Although commonly used among the neuroscience community, brain slice preparations are also faced with several disadvantages. For instance, input and output connections to the brain areas of interest are no longer connected in a brain slice. Moreover, once isolated, the tissue starts degrading slowly over time and this process could alter the physiological conditions of the brain slice. This topic in particular is very concerning because most brain slice recordings are taking several minutes to hours, which results in long experimental days with recordings performed on tissue that was isolated up to 6–8 h before the start of the experiment. Furthermore, the cerebrospinal fluid and blood circulation get interrupted during slice preparations, which may lead to the lack of important endogenous compounds within a brain slice. And most obviously, the slicing procedure itself may cause mechanical tissue damage that might compromise the obtained results. However, the actual benefits of brain slice preparations are still outweighing their disadvantages, which is why they present a highly valued and employed technique in neuroscience research.

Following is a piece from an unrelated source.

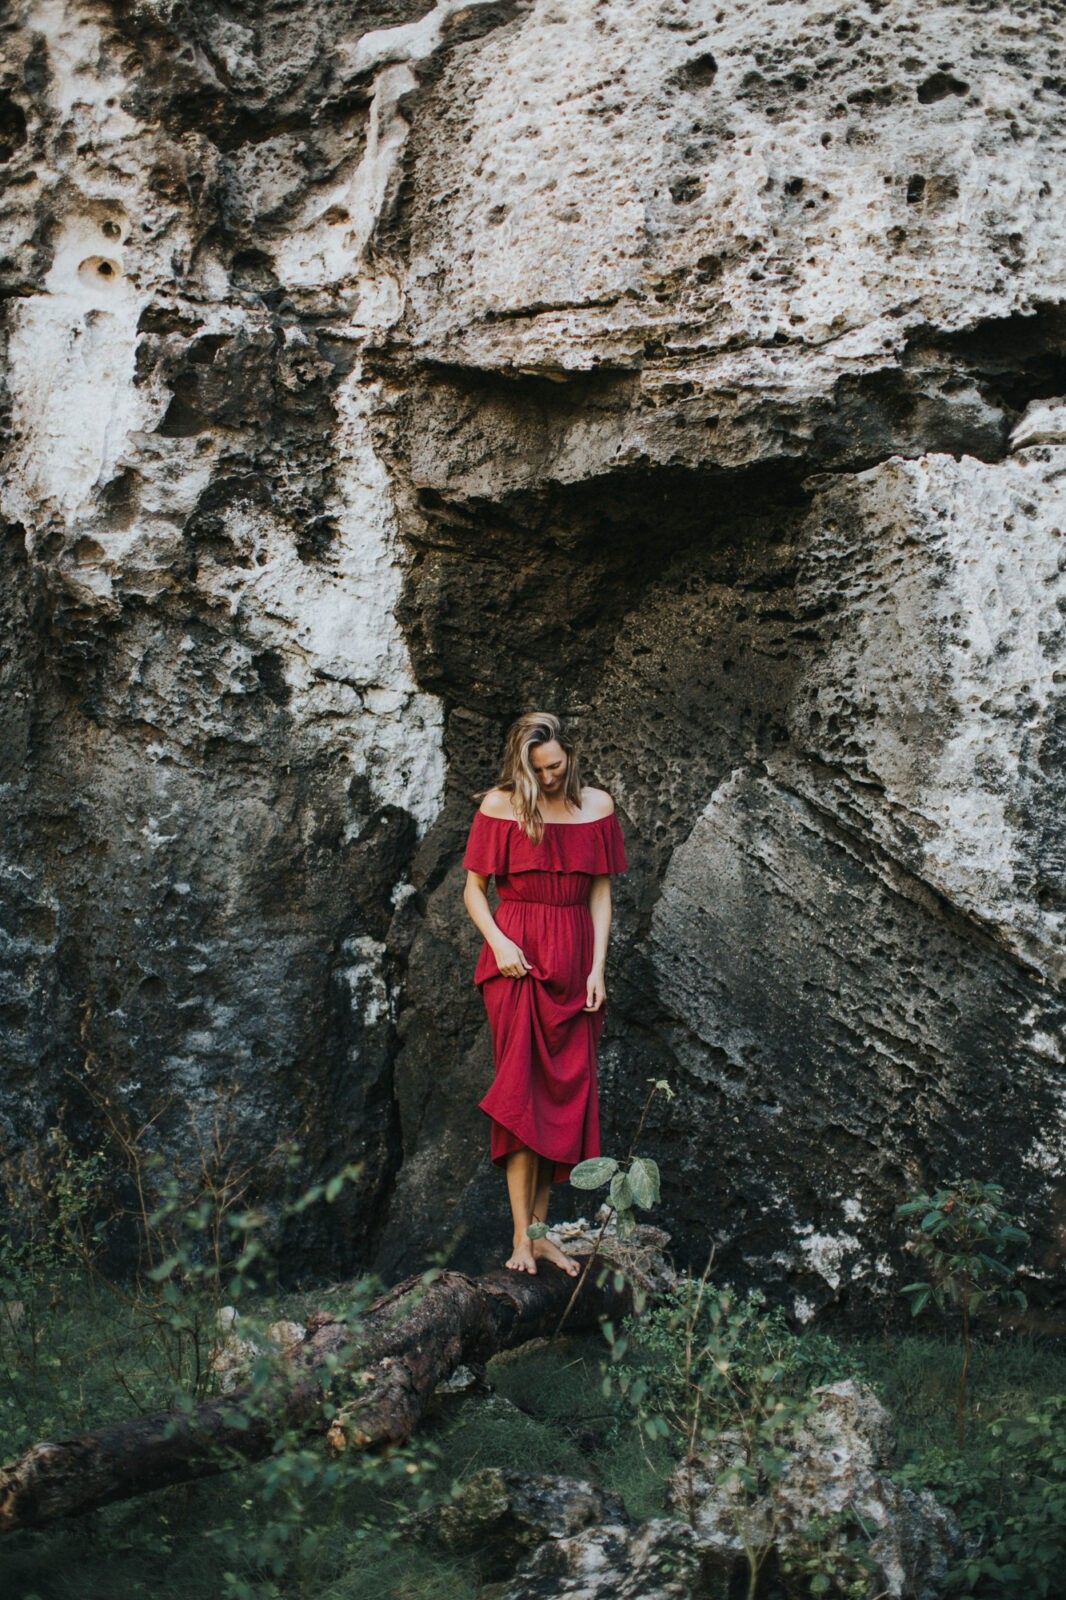 preachers cave eleuthera bahamas

Acute hippocampal brain slices present a powerful and therefore widely used technique to investigate neuronal processes from a molecular level up to complex brain circuit studies. This is based on the ideal neuroanatomy of the hippocampus that can be easily preserved in a slice preparation18. Consequently, hippocampal brain slices are used in a wide variety of scientific research projects, including drug screenings17, studies of neuronal and synaptic properties involved in cognitive functions40,41, and investigations of pathological brain conditions14,42,43. However, a broad spectrum of different applications also causes a wide range of available slice preparation protocols that can differ in various parameters, such as dissection conditions and cutting plane orientation, among others. Therefore, the exact research question of a scientific project has to be determined in order to choose an appropriate slice preparation protocol.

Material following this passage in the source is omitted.